┌──

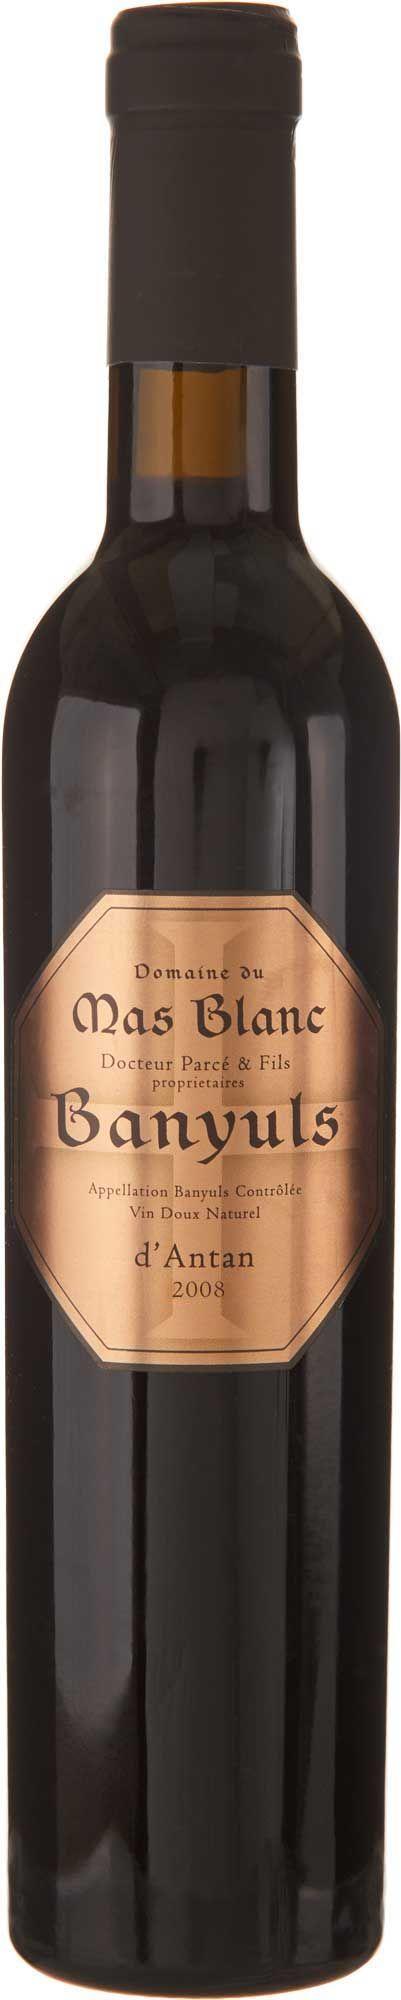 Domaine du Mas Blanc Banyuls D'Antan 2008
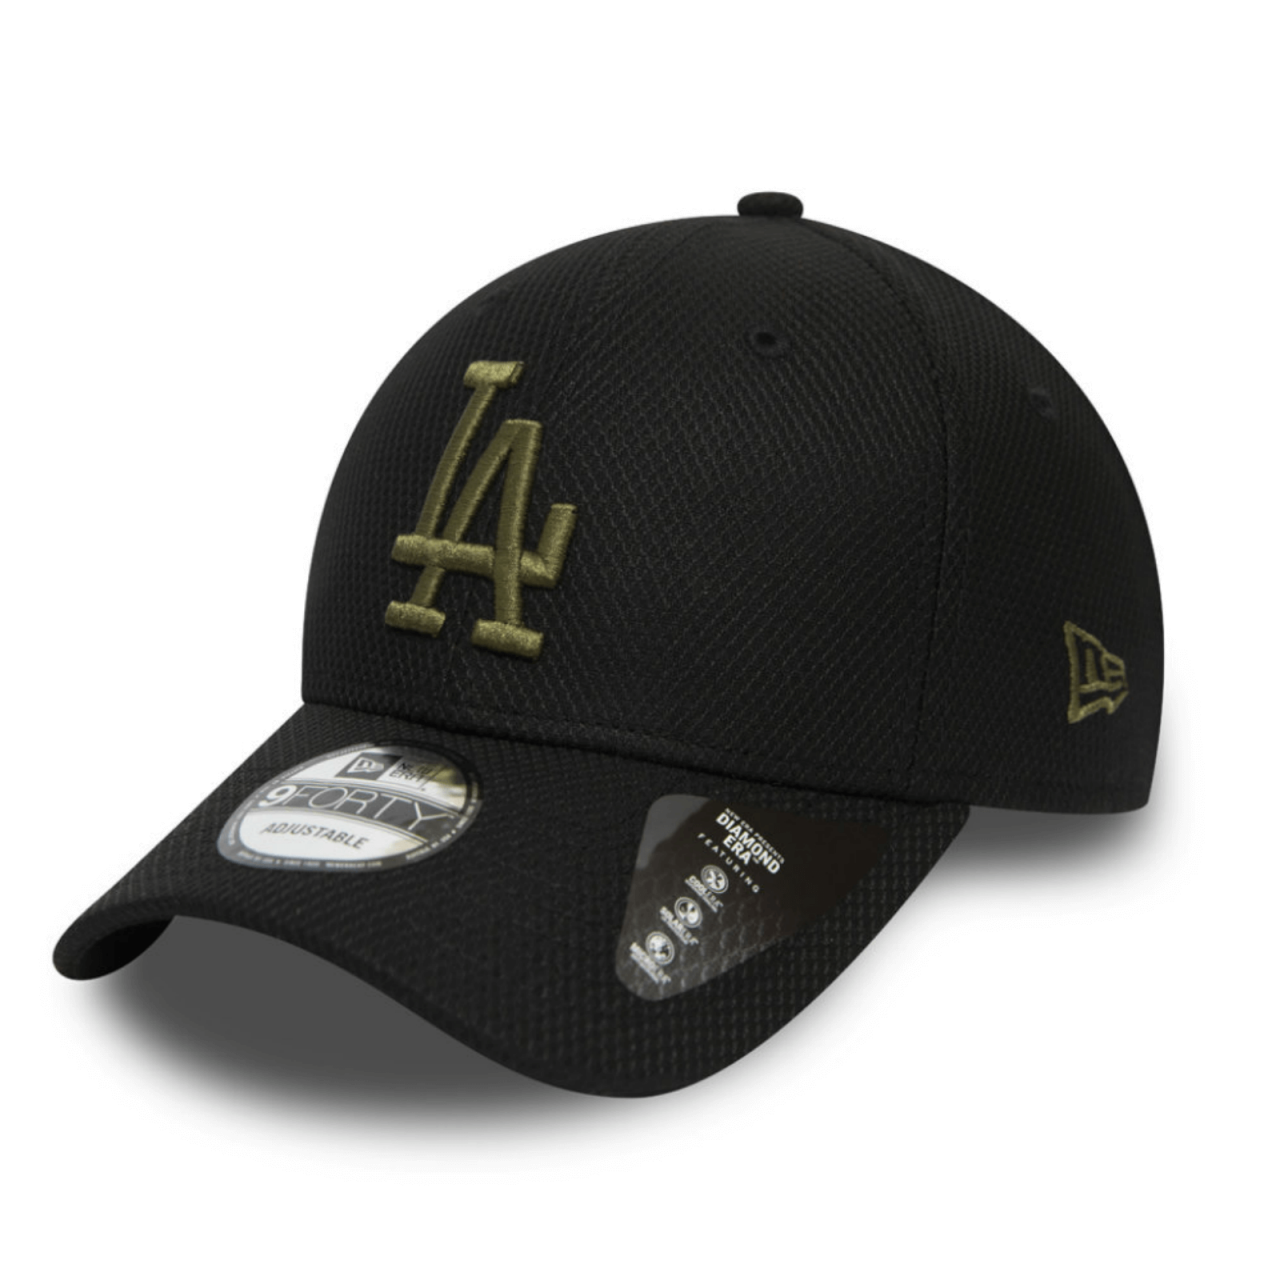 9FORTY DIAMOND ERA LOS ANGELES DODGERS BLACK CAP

└──
┌──

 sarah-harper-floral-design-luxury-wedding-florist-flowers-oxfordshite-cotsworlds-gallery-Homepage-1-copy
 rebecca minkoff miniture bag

└──

* [What the task requires]:
Return the material from the line containing "Domaine du Mas Blanc Banyuls D'Antan 2008" through the line containing "9FORTY DIAMOND ERA", exactly and in full, but without its pictures.

* [Result for this task]:
 Domaine du Mas Blanc Banyuls D'Antan 2008
 9FORTY DIAMOND ERA LOS ANGELES DODGERS BLACK CAP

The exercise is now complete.